Un bon Woody Allen, mais pas un de ses meilleurs. On peut toutefois comprendre qu’il est difficile pour lui de revenir au niveau de ses meilleurs films, comme Annie Hall, Crimes et délits ou Match Point. Mais Woody Allen a ce talent pour faire en peu de temps des films de qualité, bien au-dessus de bon nombre de films pouvant sortir au cinéma. Le tout avec une légèreté et une fraicheur revigorantes, on est emporté dès les premiers plans, magnifiques, avec ces récurrents morceaux de jazz, un peu moins marquants dans ce film comparé à ceux de Magic in the Moonlight, qui restaient longtemps en tête. Mais ce nouveau Woody Allen demeure une réussite grâce à ses formidables acteurs. Jesse Eisenberg, qui nous joue là une sorte d’alter ego du cinéaste. Son jeu, au début tout en gaucherie et maladresse, avant de devenir nettement plus affirmé, coïncide avec son ascension sociale qui est celle d’un parvenu essayant de se faire une place dans le bouillonnant Hollywood des années 1930. En plus des dialogues, qu’il débite aussi vite que ne le faisait Woody Allen dans Manhattan, il y a tout un travail sur ses attitudes corporelles, révélant chez lui des talents qui le détachent de son image d’incarnation de Mark Zuckerberg dans The Social Network, qui lui collait à la peau. Face à lui, deux femmes lumineuses, dont Kristen Stewart, qui joue plutôt bien mais sait mieux faire, il suffit de voir son excellente prestation dans Sils Maria d’Olivier Assayas. Ce dernier lui a d’ailleurs donné le premier rôle dans son nouveau film, Personal Shopper. Enfin on retrouve avec plaisir tous les thèmes chers à Woody Allen, même si on a par moments l’impression qu’il reprend les mêmes thèmes film après film sans forcément beaucoup les enrichir. Il est tout à fait acceptable de voir un cinéaste persister dans les mêmes thèmes film après film, pour approfondir sa propre réflexion, comme je l’ai déjà mentionné dans le cas de Hong Sang-soo, mais là avec ce film, il y a par moments un petit goût de recyclé, contrairement à son dernier film, L’homme irrationnel, où il avait fort bien réussi en poussant le curseur assez loin en matière de cynisme. Si on n’a pas vu d’autres Woody Allen, on peut être très agréablement surpris, mais si on essaie de mettre des hiérarchies dans la filmographie du cinéaste, c’est autre chose. Mais ça reste une belle réussite, car le film est loin d’être un ratage, on reste au niveau des « bons » Woody Allen.

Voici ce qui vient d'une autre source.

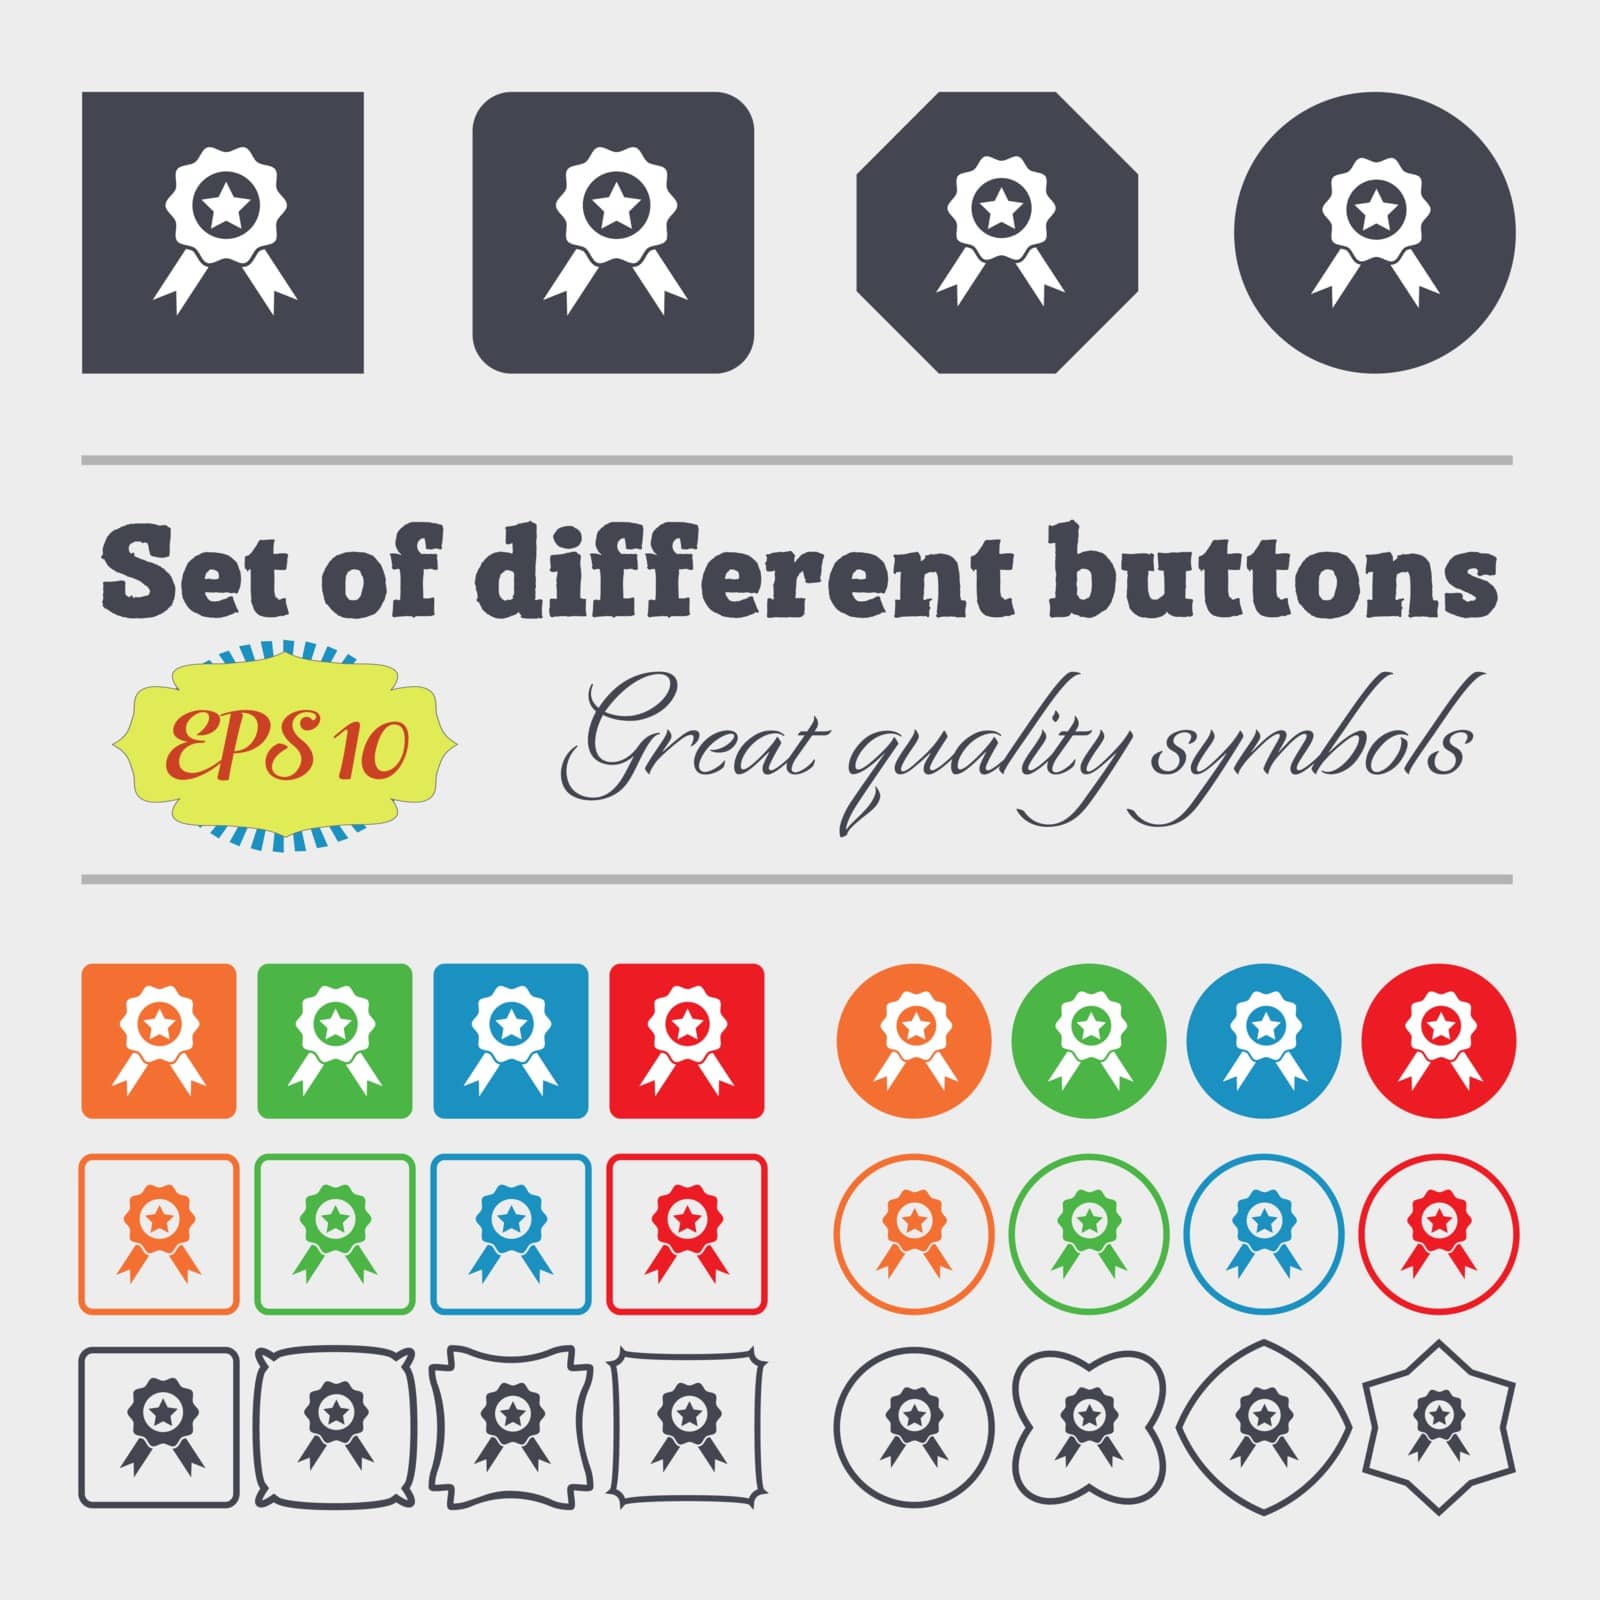 Award, Medal of Honor icon sign. Big set of colorful, diverse, high-quality buttons. Vector illustration

Merci Patron ! de François Ruffin

FRANCE-POLITICS-PROTEST

Un film documentaire très malin et très drôle, un des étendards du mouvement Nuit Debout. En prenant en charge le cas d’un couple d’ouvriers au chômage pour cause de délocalisation, François Ruffin a redonné une visibilité très concrète à ces actualités industrielles, pouvant paraître banales à la longue. Comment exiger une indemnisation digne de ce nom à ce géant industriel qu’est LVMH ? Avec du culot. Et la leçon, triste peut-être ça dépend du point de vue, est que cela paie, seuls comptent les rapports de force, le chantage (dans les deux sens), la fourberie. Plus généralement, il s’agit là d’un exemple représentatif de cette France désindustrialisée du Grand Est et du Nord, de ces « vaincus » de la mondialisation, de cette France prête à exploser, et qui n’est pas loin de penser qu’elle n’a plus rien à perdre, en témoigne cette scène ou l’ouvrier au chômage évoque, pour s’en inspirer, d’une scène de Petite Maison dans la prairie, où l’un des personnages fait sauter sa maison avec des explosifs pour manifester sa colère.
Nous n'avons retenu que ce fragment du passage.